Research project (§ 26 & § 27)
Duration : 2017-01-15 - 2020-01-14
Stress resistance and adaptation are crucial factors determining an organism’s survival to a number of biotic and a-biotic factors. The aim of this project is to elucidate the molecular basis for stress tolerance by proteomic methods and to ultimately detect proteins with key roles in counteracting stress insults. To this purpose, two strains of extremotolerant black fungi – i.e. the wild type and the natural non-melanized mutant of the species Knufia chersonesos – will be used as model organisms displaying a remarkable natural aptitude to tolerate massive ozone rates as well as protein thermo-stability. The recourse to black fungi is based on the extraordinary ability of these organisms to survive life-threatening environmental conditions, which makes them the most stress resistant Eukaryotes known to date. The two strains will enable to study the dynamics of the oxidative stress defense triggered by the exposure to ozone, in an extremotolerant species. Thus, the data obtained will allow shedding light on the oxidative stress, a condition associated with several physiological and also pathological conditions. The understanding of the basis for tolerance in adapted species will possibly aid accomplishing a second objective of the present project: the finding of novel protein candidates – e.g. radicals scavenging and antioxidant producing enzymes – with potential biotechnological and cosmetic applications. Protein stability and degradation tests will be carried out and special focus will be dedicated to enzymatic cascades reactions involved in degradation of polymers such as PBAT. Time points will be selected for the ozone treatment of the fungal strains cultivated in a multi fermenter under controlled parameters, in order to evaluate the effects of short- and long-term exposure.

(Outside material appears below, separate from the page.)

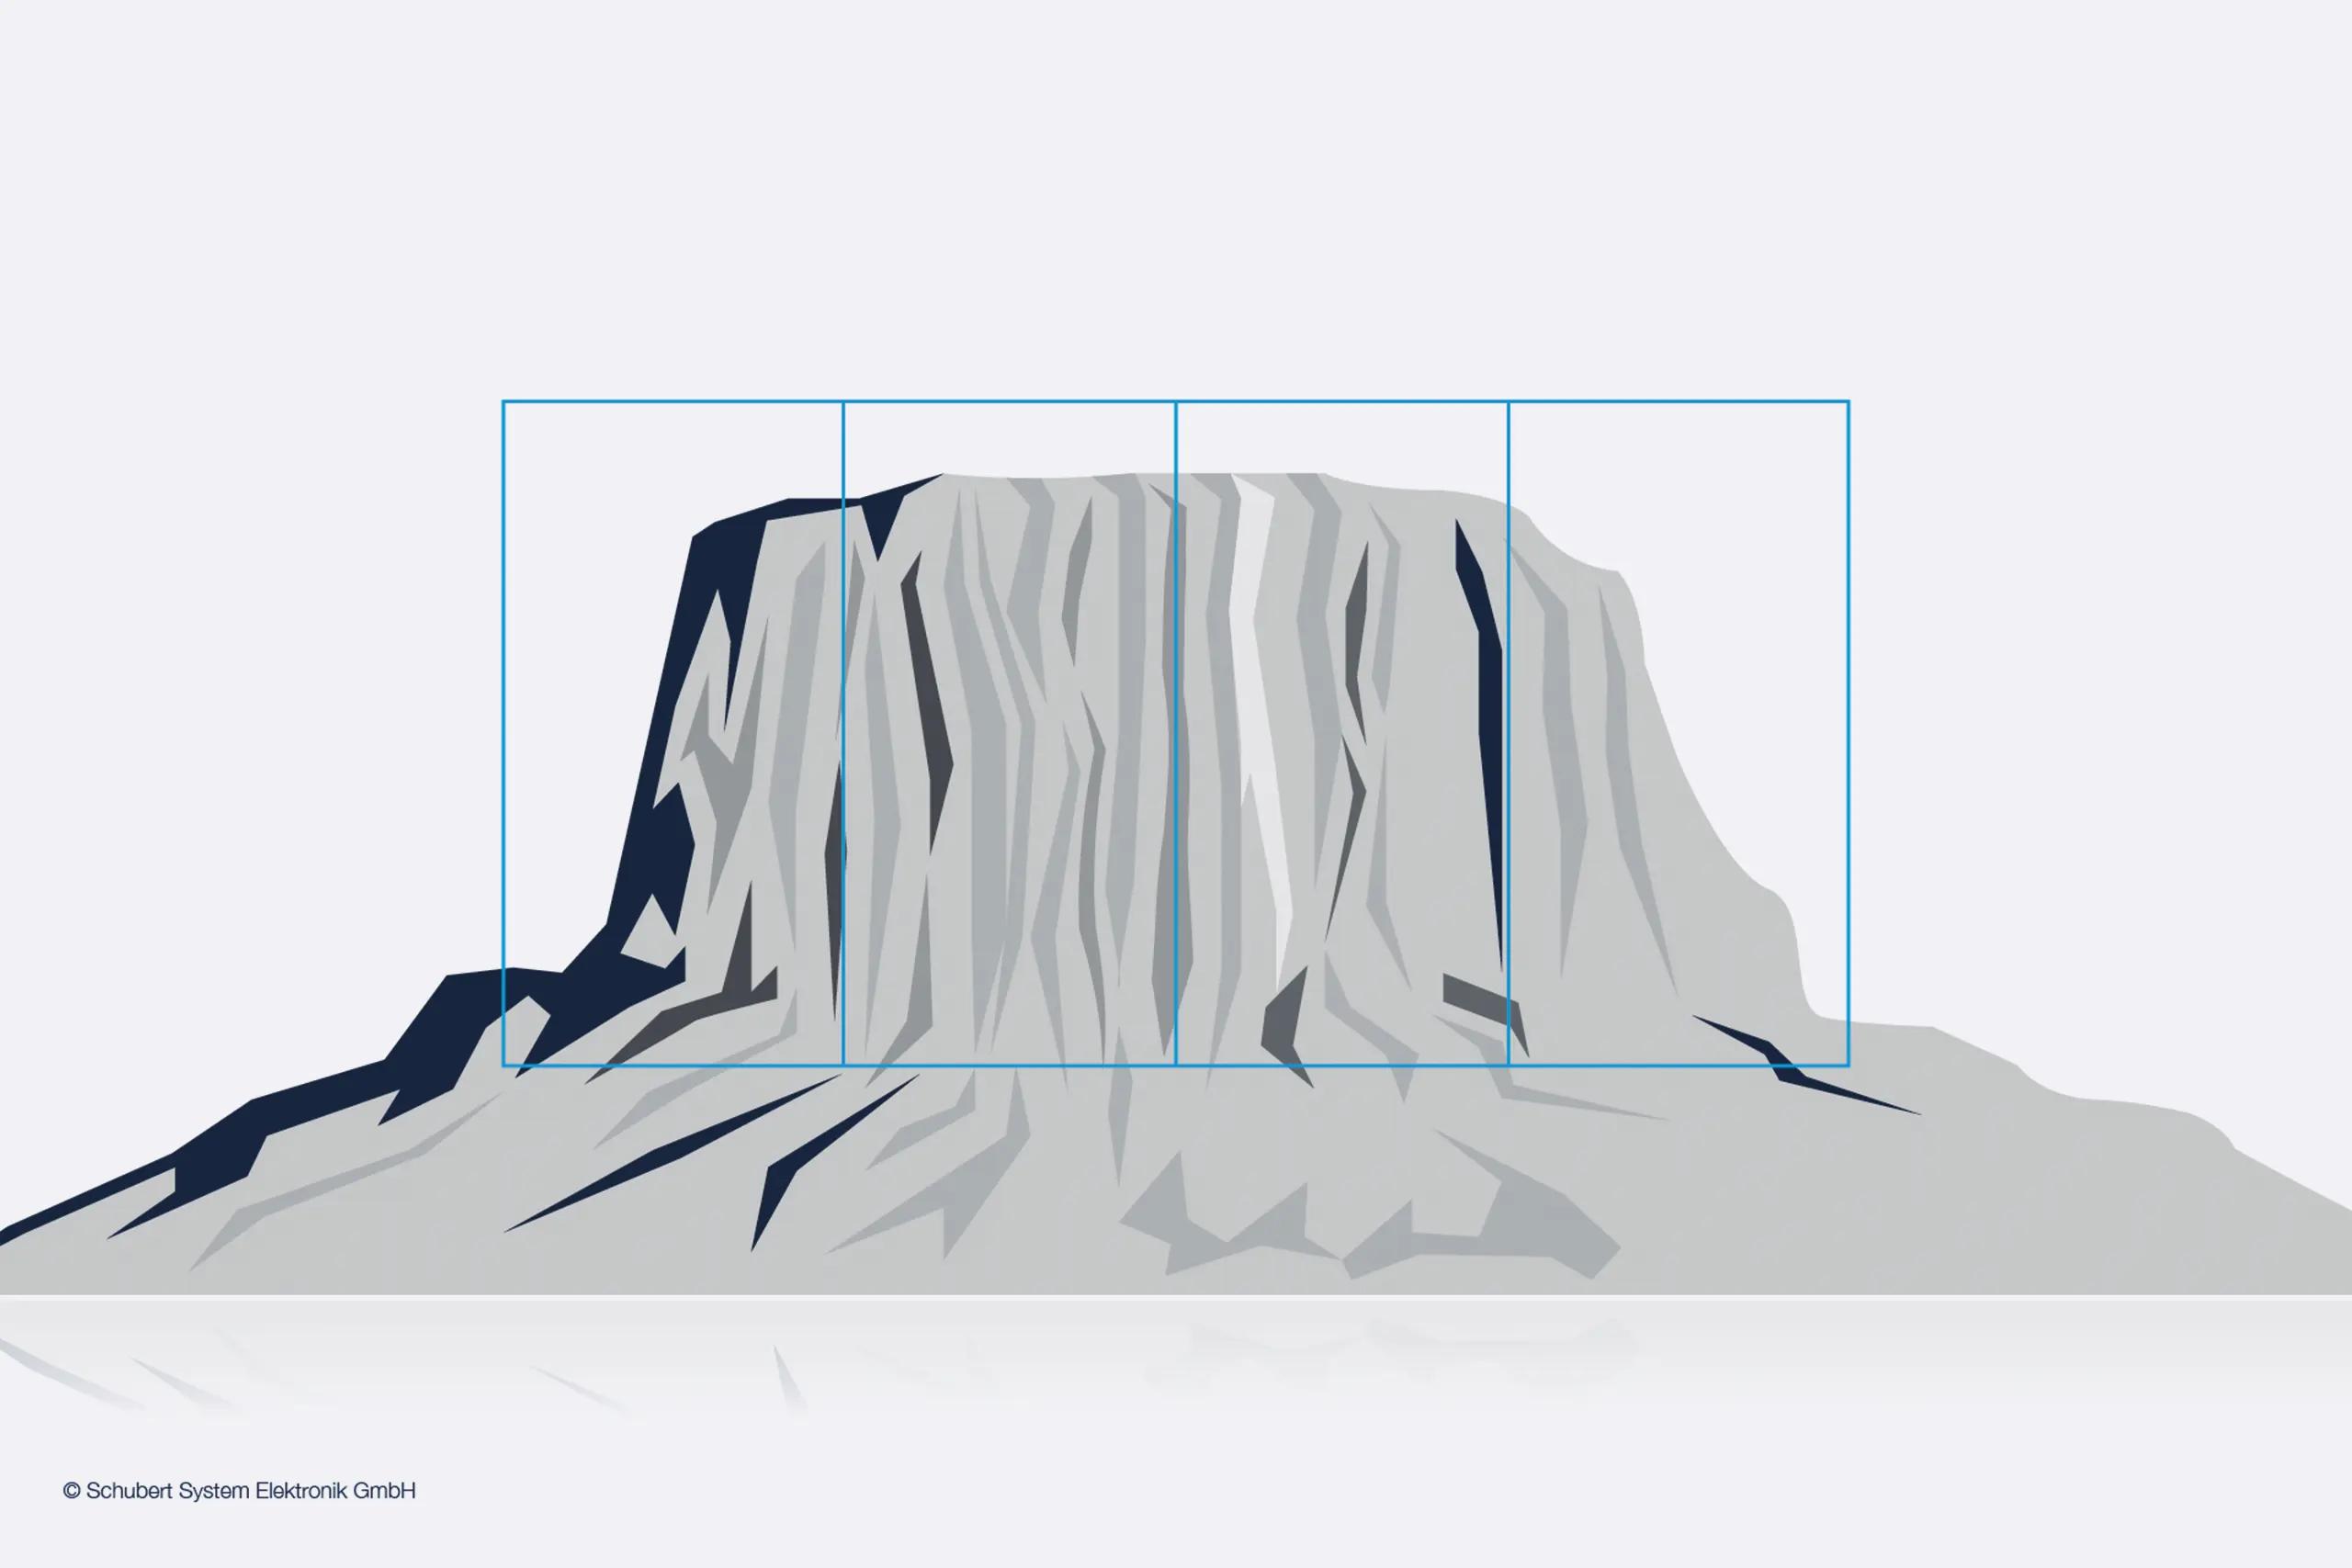 Zu sehen ist die Grafik eines monolitischen System in Form eines Berges, welches zu einem Whitepaper zum Download gehört.

PBAT-mediated induction of cultures grown in liquid culture will be performed to identify polymer degrading enzymes in the extracellular medium. Shotgun quantitative proteomics approaches for simultaneous detection of changes in protein levels and identification, will be applied to the analysis of both whole-cell proteome and secretome. While the oxidative stress response will be investigated by means of thiol-based redox proteomics (cysTMTRAQ), label-free shotgun proteomics will serve to the identification of differentially expressed proteins in(un)-induced samples.